§ **Information provided**
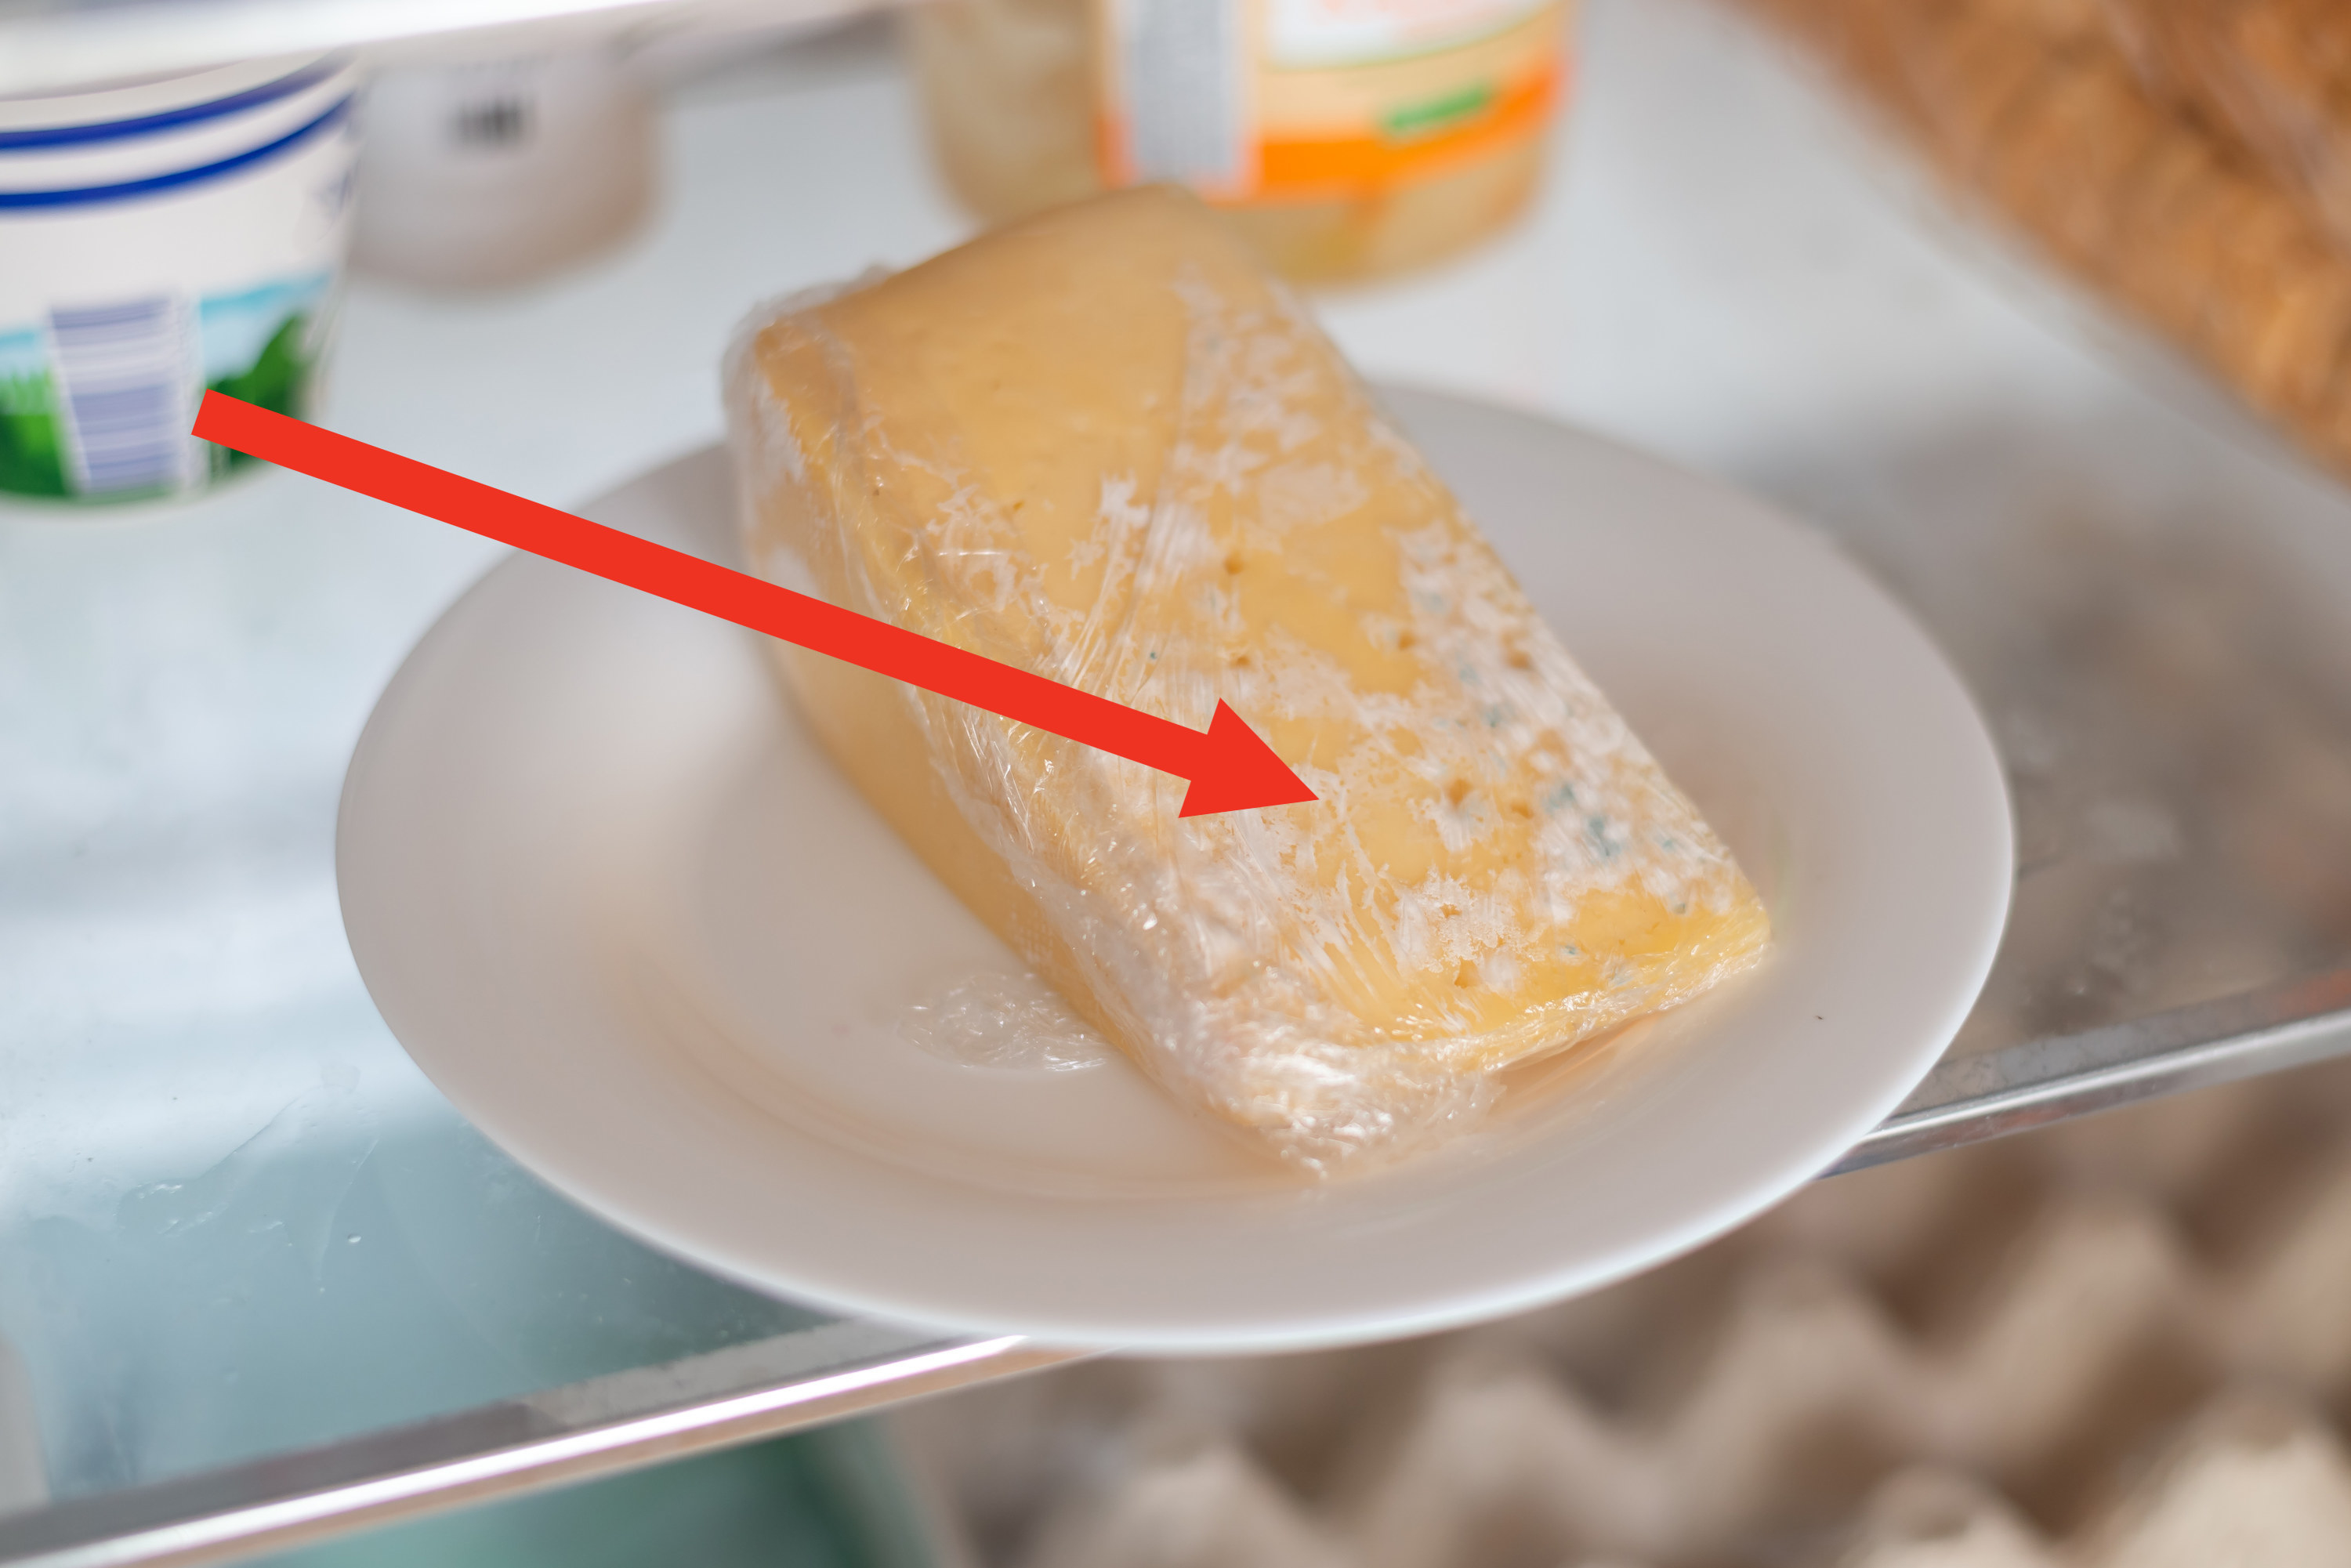 Red arrow pointing to bits of mold on a wedge of hard cheese
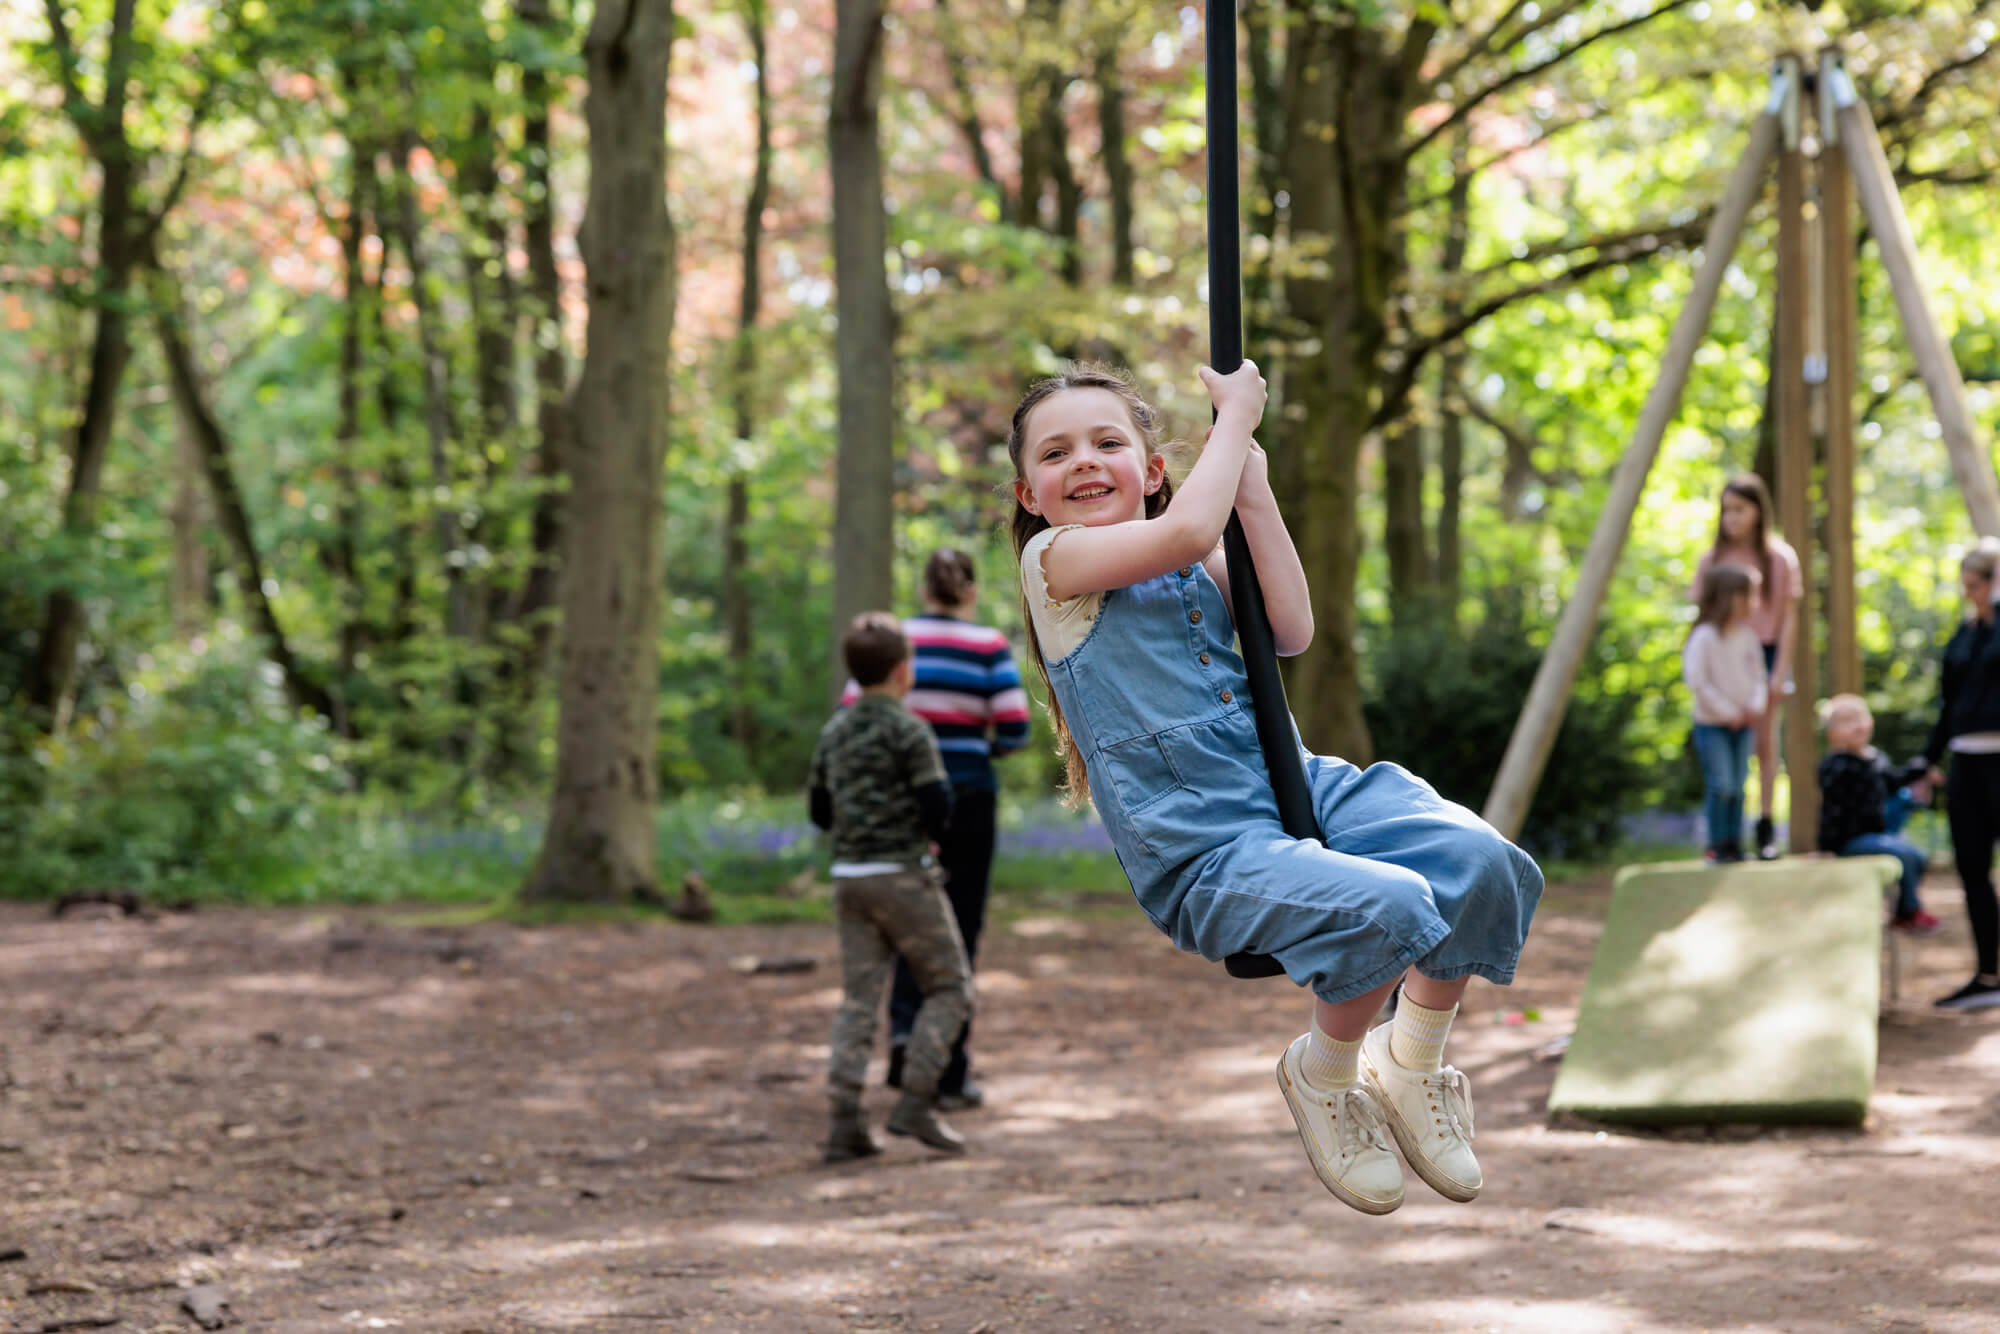 Case study about Playdale revolutionised the way that they work, while helping thousands of children enjoy the power of play. 
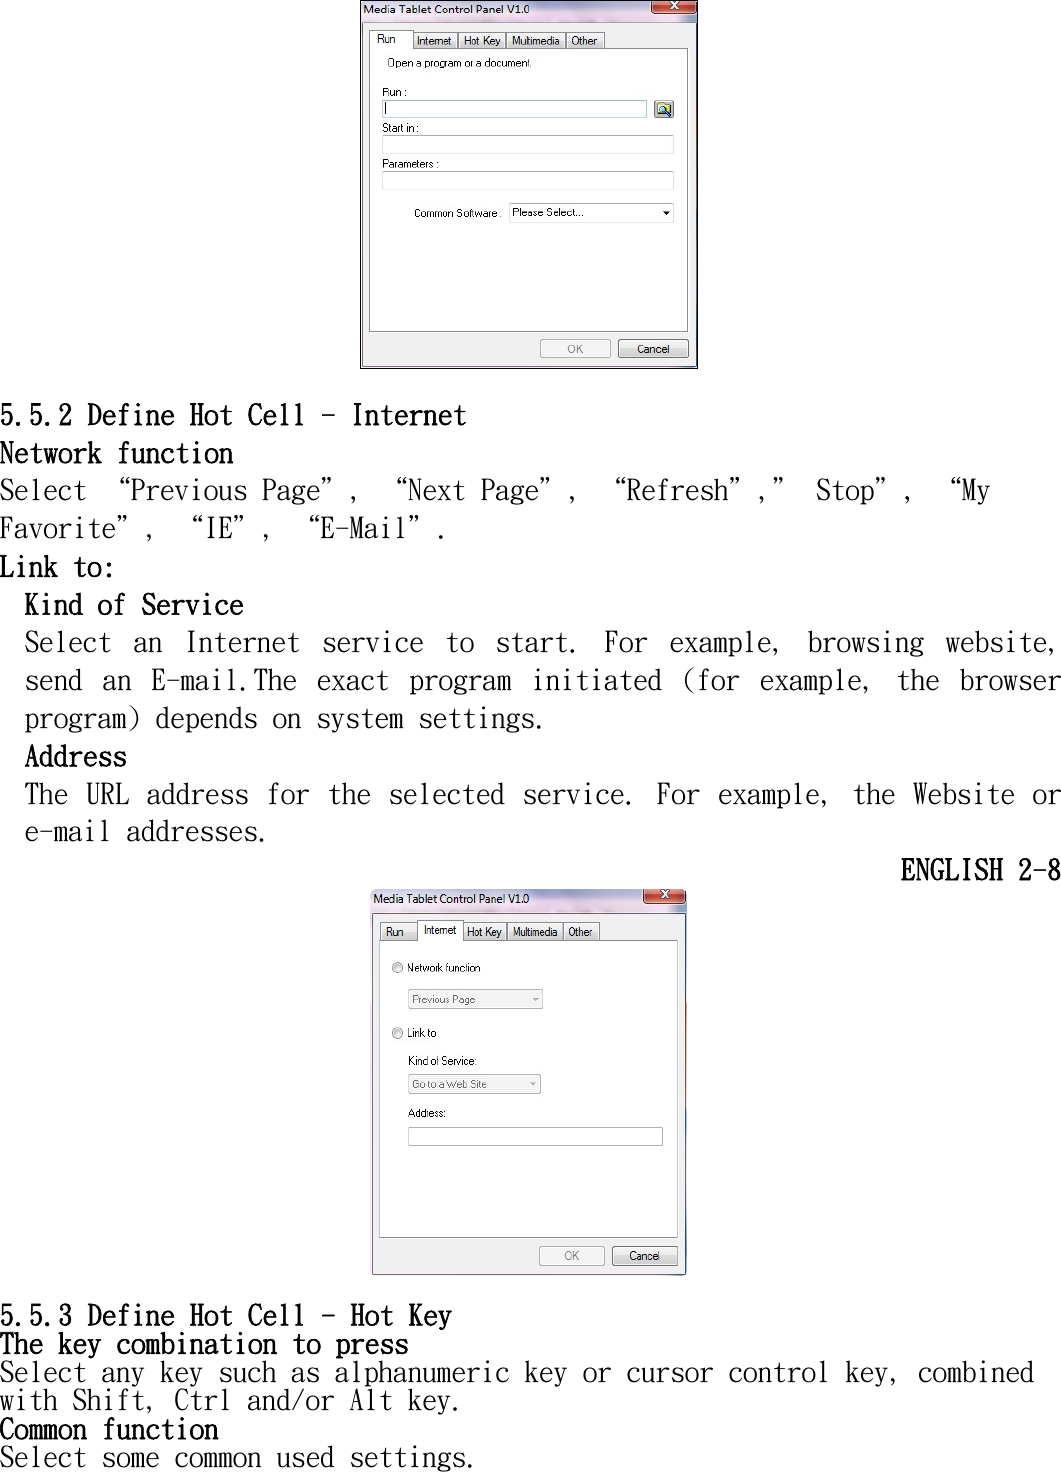     5.5.2 Define Hot Cell - Internet Network function  Select “Previous Page＂, “Next Page＂, “Refresh＂,＂ Stop＂, “My Favorite＂, “IE＂, “E-Mail＂. Link to: Kind of Service Select  an  Internet  service  to  start.  For  example,  browsing  website, send  an  E-mail.The  exact  program  initiated  (for  example,  the  browser program) depends on system settings. Address The URL address for the selected service. For example, the Website or e-mail addresses. ENGLISH 2-8   5.5.3 Define Hot Cell - Hot Key The key combination to press  Select any key such as alphanumeric key or cursor control key, combined with Shift, Ctrl and/or Alt key. Common function  Select some common used settings.

§ **What you have to do**
Give the listing above again exactly, minus any images.

§ **Task output**
 Red arrow pointing to bits of mold on a wedge of hard cheese
 Case study about Playdale revolutionised the way that they work, while helping thousands of children enjoy the power of play. 
     5.5.2 Define Hot Cell - Internet Network function  Select “Previous Page＂, “Next Page＂, “Refresh＂,＂ Stop＂, “My Favorite＂, “IE＂, “E-Mail＂. Link to: Kind of Service Select  an  Internet  service  to  start.  For  example,  browsing  website, send  an  E-mail.The  exact  program  initiated  (for  example,  the  browser program) depends on system settings. Address The URL address for the selected service. For example, the Website or e-mail addresses. ENGLISH 2-8   5.5.3 Define Hot Cell - Hot Key The key combination to press  Select any key such as alphanumeric key or cursor control key, combined with Shift, Ctrl and/or Alt key. Common function  Select some common used settings.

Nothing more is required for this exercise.